Authors: Benjamin L. Gerard, Daren Dillon, Sylvain Cetre, Rebecca Jensen-Clem

arXiv: 2308.05863v1 - DOI (astro-ph.IM)
Conference Proceeding for 2023 SPIE Optics & Photonics, Techniques and Instrumentation for Detection of Exoplanets XI

Abstract: Exoplanet imaging has thus far enabled studies of wide-orbit ($>$10 AU) giant planet ($>$2 Jupiter masses) formation and giant planet atmospheres, with future 30 meter-class Extremely Large Telescopes (ELTs) needed to image and characterize terrestrial exoplanets. However, current state-of-the-art exoplanet imaging technologies placed on ELTs would still miss the contrast required for imaging Earth-mass habitable-zone exoplanets around low-mass stars by ~100x due to speckle noise--scattered starlight in the science image due to a combination of aberrations from the atmosphere after an adaptive optics (AO) correction and internal to the telescope and instrument.
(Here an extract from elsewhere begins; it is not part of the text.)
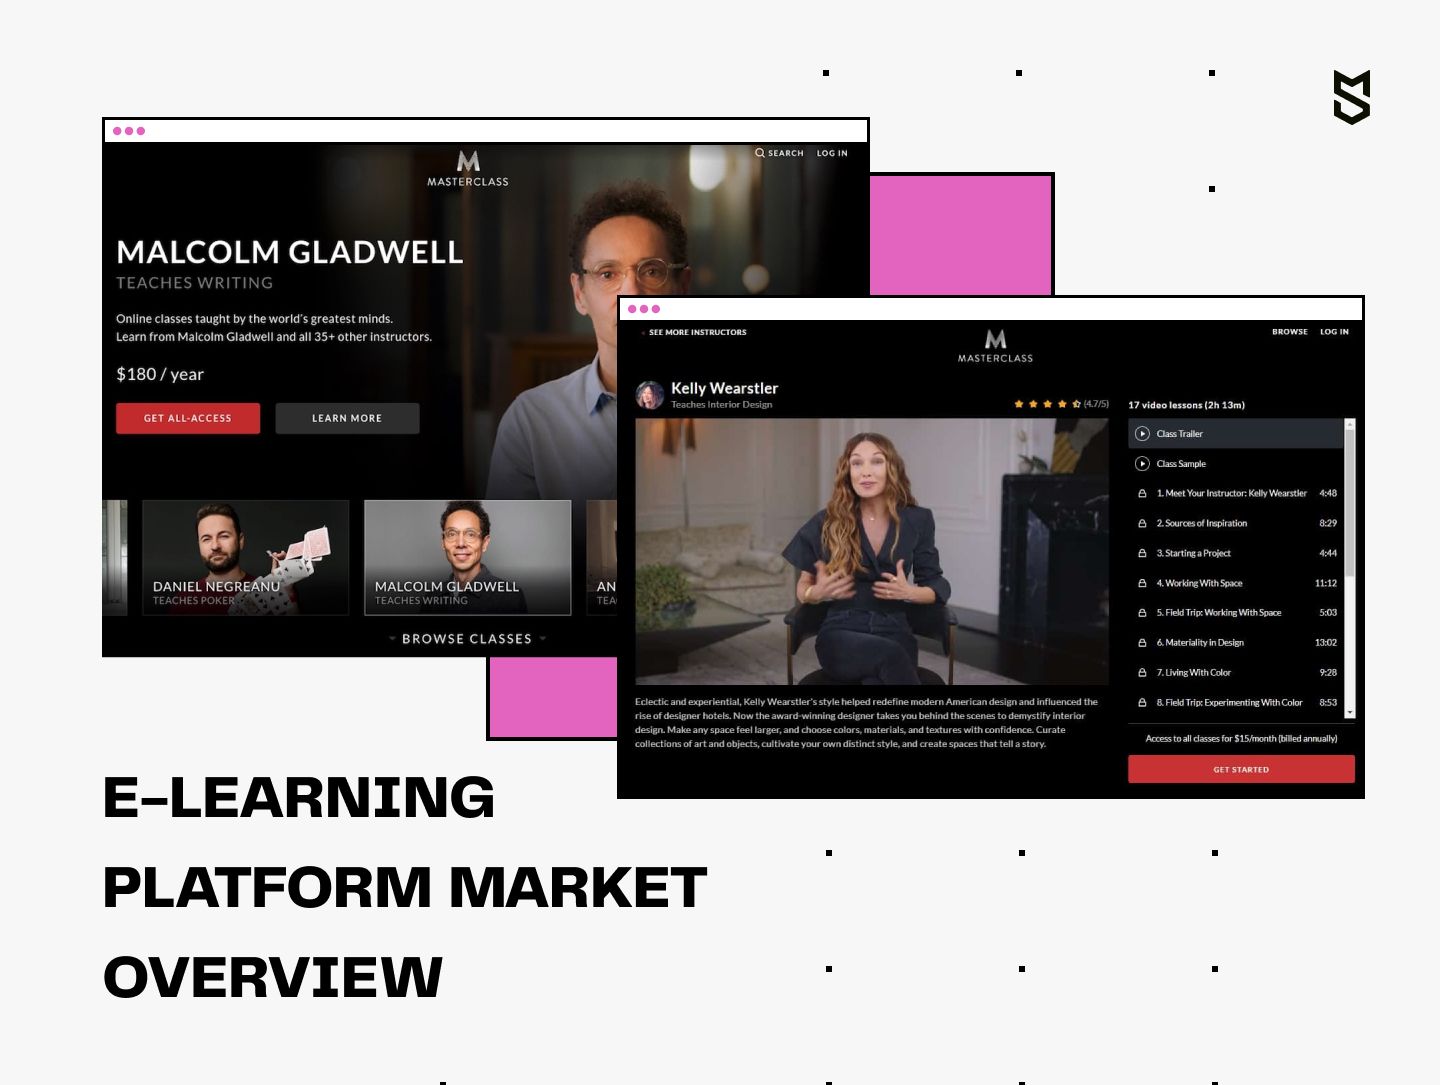 E-learning platform market overview

We have been developing a focal plane wavefront sensing technology called the Fast Atmospheric Self-coherent camera Technique (FAST) to address both of these issues; in this work we present the first results of simultaneous first and second stage AO wavefront sensing and control with a Shack Hartmann wavefront sensor (SHWFS) and FAST, respectively, using two common path deformable mirrors. We demonstrate this "multi-WFS single conjugate AO" real-time control at up to 200 Hz loop speeds on the Santa Cruz Extreme AO Laboratory (SEAL) testbed, showing a promising potential for both FAST and similar high-speed diffraction-limited second-stage wavefront sensing technologies to be deployed on current and future observatories, helping to remove speckle noise as the main limitation to ELT habitable exoplanet imaging.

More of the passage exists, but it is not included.